Detection and Classification of Cetacean Echolocation Clicks using Image-based Object Detection Methods applied to Advanced Wavelet-based Transformations
A new AI model transforms underwater audio into images to automatically identify killer whale echolocation.
A new AI research paper presents CLICK-SPOT, a system that automates the detection of whale and dolphin communication signals. Developed by Christopher Hauer, the approach tackles a major bottleneck in marine bioacoustics: the manual labeling of animal sounds like clicks and whistles for behavioral research is prohibitively slow. The system uses deep neural networks (DNNs) to process underwater audio, but with a key innovation. Instead of relying on standard spectrograms created via Short-Time Fourier Transform (STFT), which suffer from a time-frequency resolution trade-off due to the uncertainty principle, CLICK-SPOT uses wavelet-based transformations. Wavelets provide superior time resolution for high frequencies and better frequency resolution for low frequencies, making them ideal for capturing the rapid, complex nature of cetacean echolocation clicks in noisy ocean environments. The transformed audio data is treated as an image, allowing the application of proven computer vision object detection methods to 'see' and classify the clicks. The model was validated on real-world Norwegian killer whale recordings provided by cetacean biologist Dr. Vester, demonstrating its practical efficacy. This work builds on prior systems like ANIMAL-SPOT but refines the feature extraction process. The technical contribution lies in effectively bridging advanced signal processing (wavelets) with modern AI (image-based DNNs) to solve a specific, data-intensive ecological challenge. For researchers, this means moving from painstaking manual review to automated, scalable analysis of acoustic data.

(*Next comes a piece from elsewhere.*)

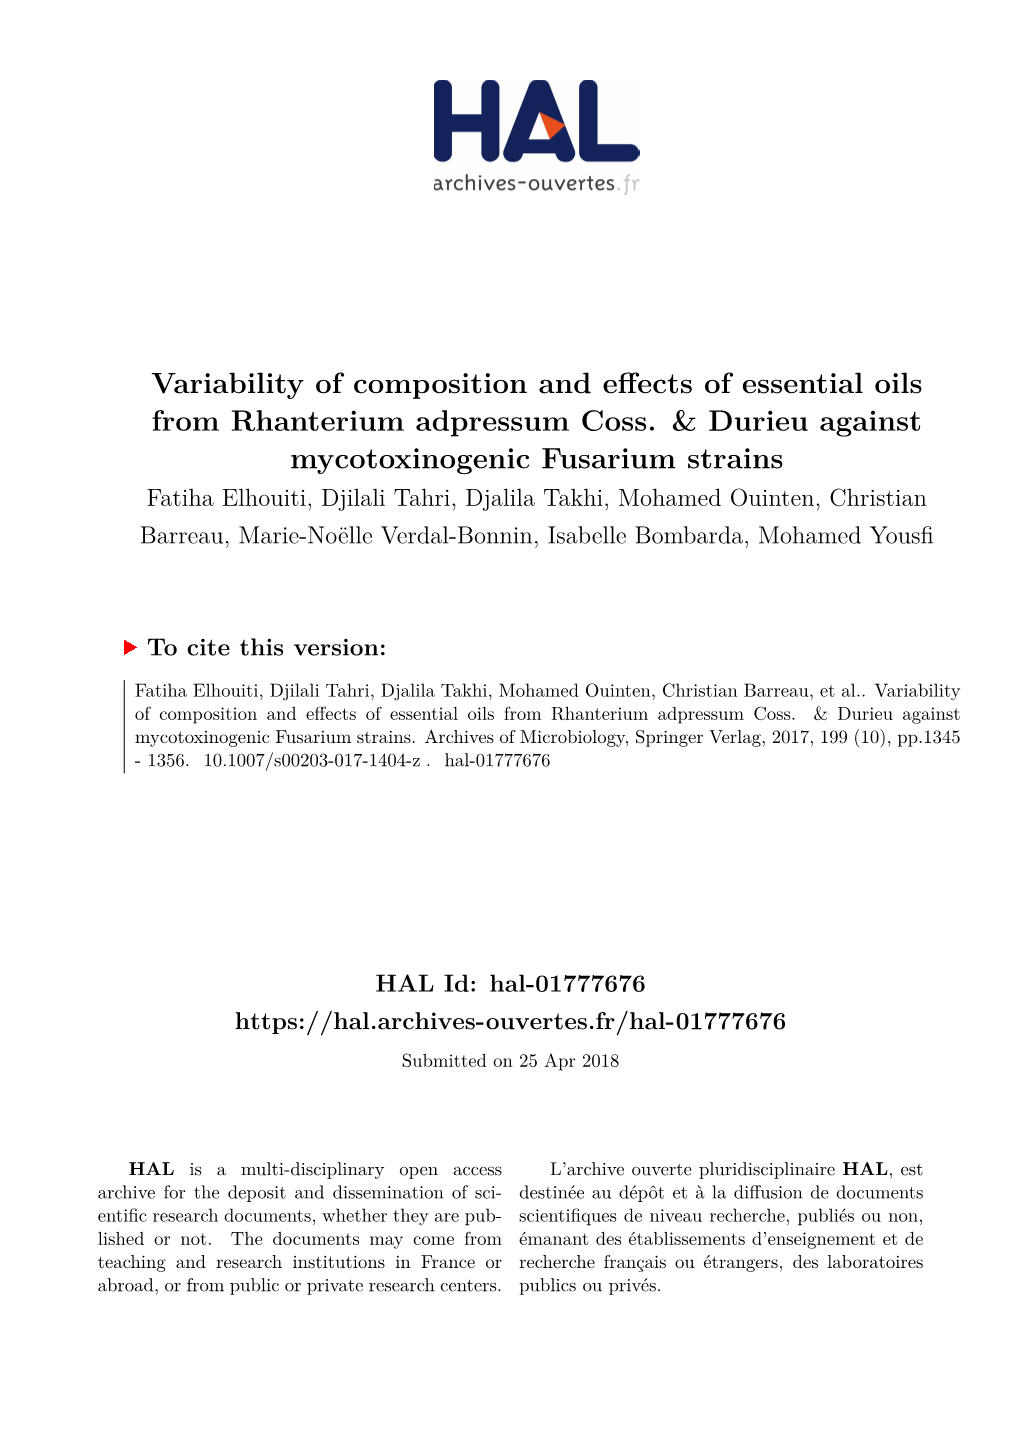 Variability of Composition and Effects of Essential Oils from Rhanterium Adpressum Coss

- Uses wavelet transforms instead of spectrograms for better time-frequency resolution in complex audio.
- Applies image-based object detection DNNs to treat transformed audio signals as visual data.
- Trained and tested on real killer whale recordings to automate detection, replacing manual labeling.
Why It Matters
Accelerates marine conservation research by automating the analysis of whale communication and behavior.